Let's Plays can also be seen harming a game's distribution particularly for short, linear, narrative-driven games, since viewers can witness the entire game from a Let's Play recording without purchasing it and have no incentive to purchase the title. For the art game That Dragon, Cancer, its developer Ryan Green noted that while there were Let's Plays of the game, several which commented emotionally on the game's topic, some of these playthroughs had simply played through the game without added commentary, and provided no links to where players could learn more about the title. Green and his team at Numinous Games had used YouTube's ContentID to have some of these videos taken down, a result that brought some complaints and which Green admitted later was not the right approach to address the issue. Green requested that with games such as That Dragon, Cancer, that those creating Let's Play use the playthrough of the game to initiate conversations with their viewers, and that viewers could show their appreciation of the game by tipping the developers in lieu of purchasing the full title.

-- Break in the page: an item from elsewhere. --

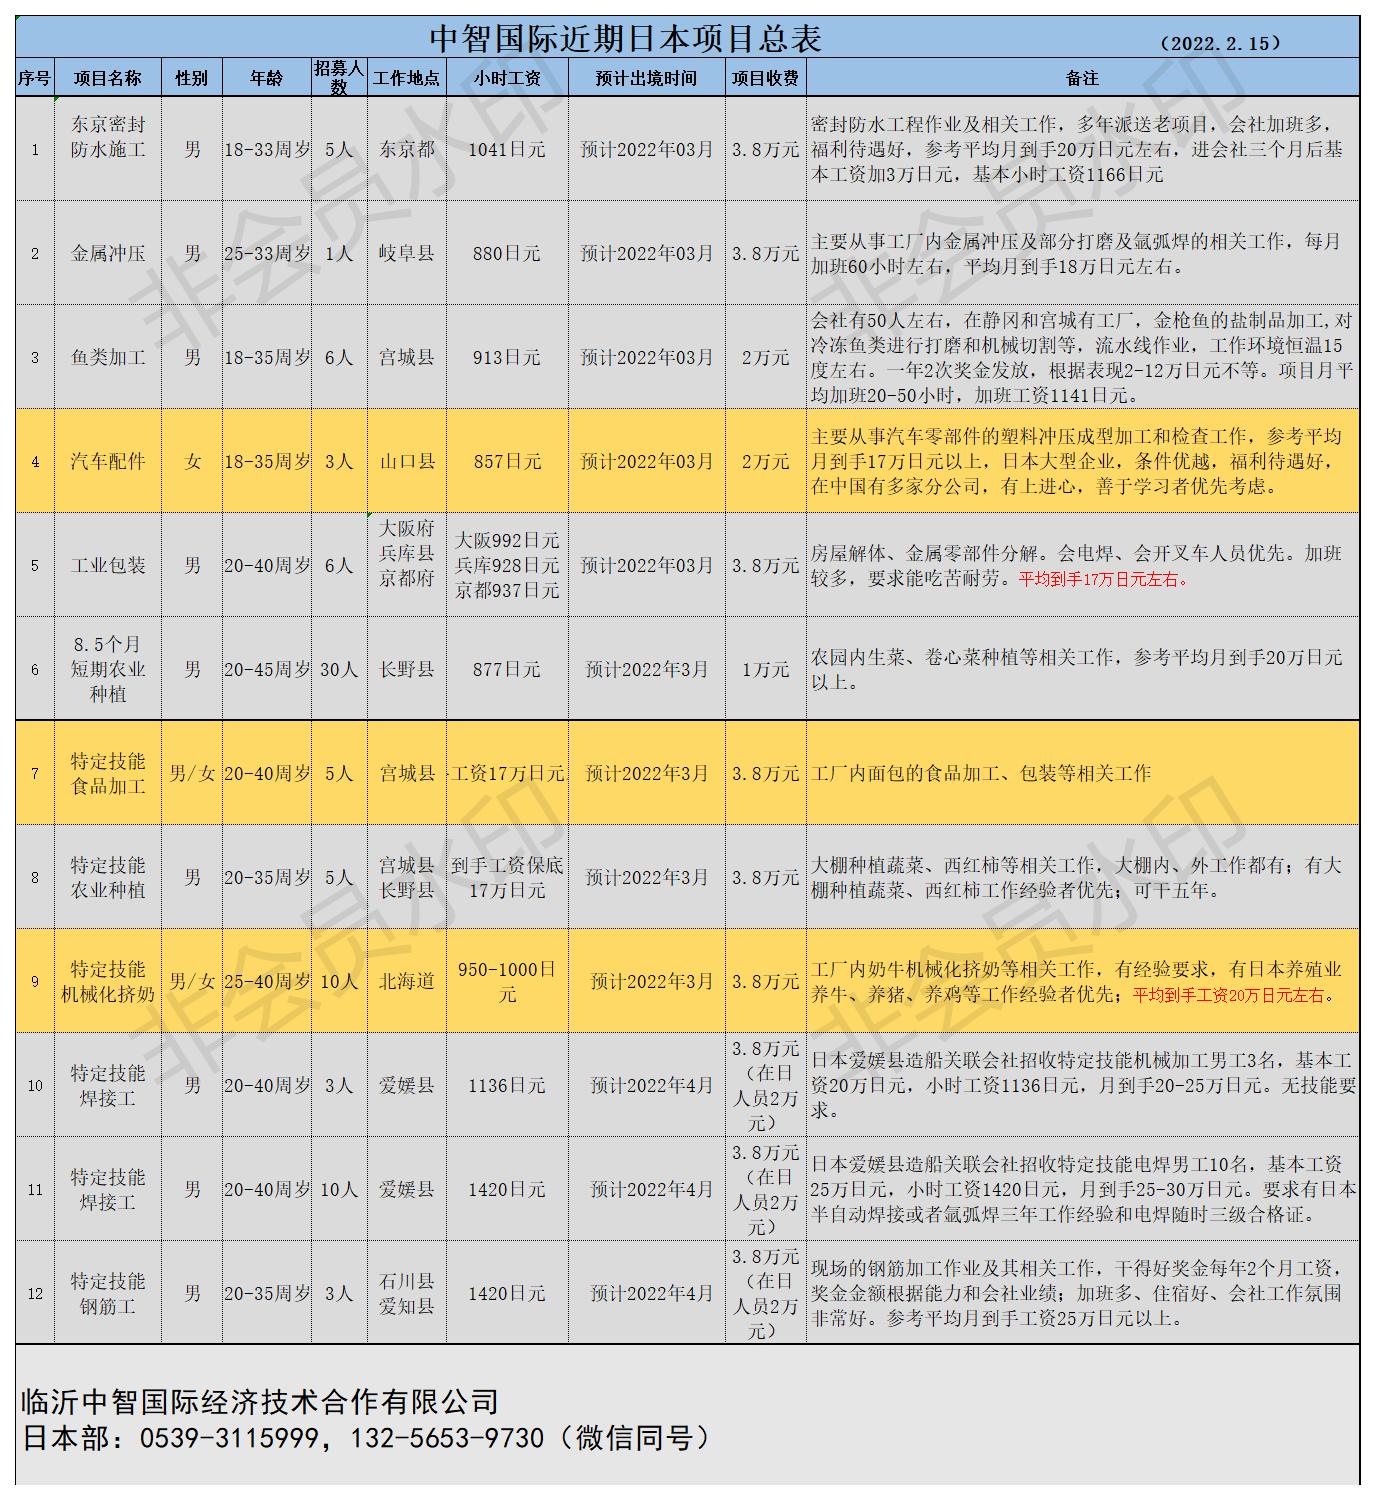 中智国际近期日本项目总表22.2.8(9).jpg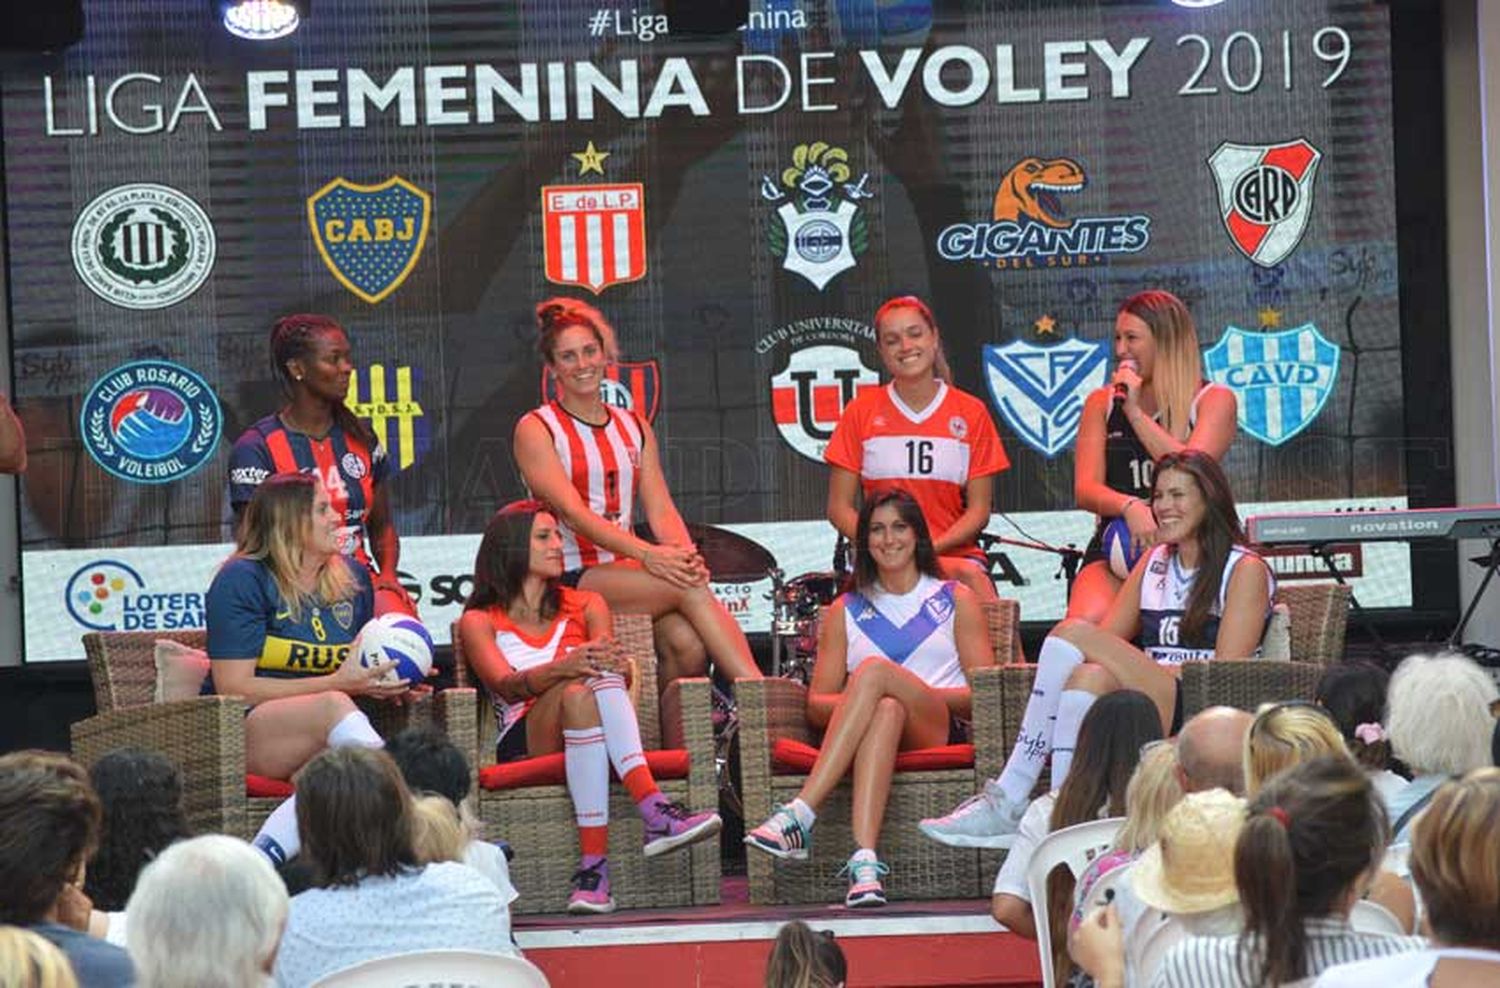 La Liga Femenina de Voley se presentó en Espacio Clarín

The phenomenon of Let's Plays was a focal point for the South Park episode "#REHASH". Double Fine Productions and 2 Player Productions have worked together to create a series called "Devs Play", inspired by Let's Plays where game developers play through games and offer their commentary from a developer's perspective, typically alongside one of the developers from the selected game.
Legal issues[edit | edit source]
Copyright[edit | edit source]
The copyright nature of "Let's Play" videos remains in question; while the developer and/or publisher of games typically possess the copyright and granted exclusive distribution rights on the media assets of the game, others cite fair use claims for these works as their nature is to provide commentary on the video game. An important distinction for Let's Plays to qualify as fair use would be their transformative nature; the more that the Let's Play creator or streamer adds as commentary atop the gameplay, the more likely that it would be ruled as fair use. However, copyright law favors the game developer or publisher; if challenged, the Let's Play creator would have to argue in court for a fair use defense, which can be costly to pursue, and to date, there have been no known cases of Let's Plays challenged in legal systems, keeping their legal nature in question. Sites that host user-created Let's Plays tend to favor the copyright holders to maintain their safe harbor status as part of their liability protection within the Digital Millennium Copyright Act (DMCA); for example, YouTube uses both manual and automated systems to detect copyright infringement and issues copyright strikes to offending channels.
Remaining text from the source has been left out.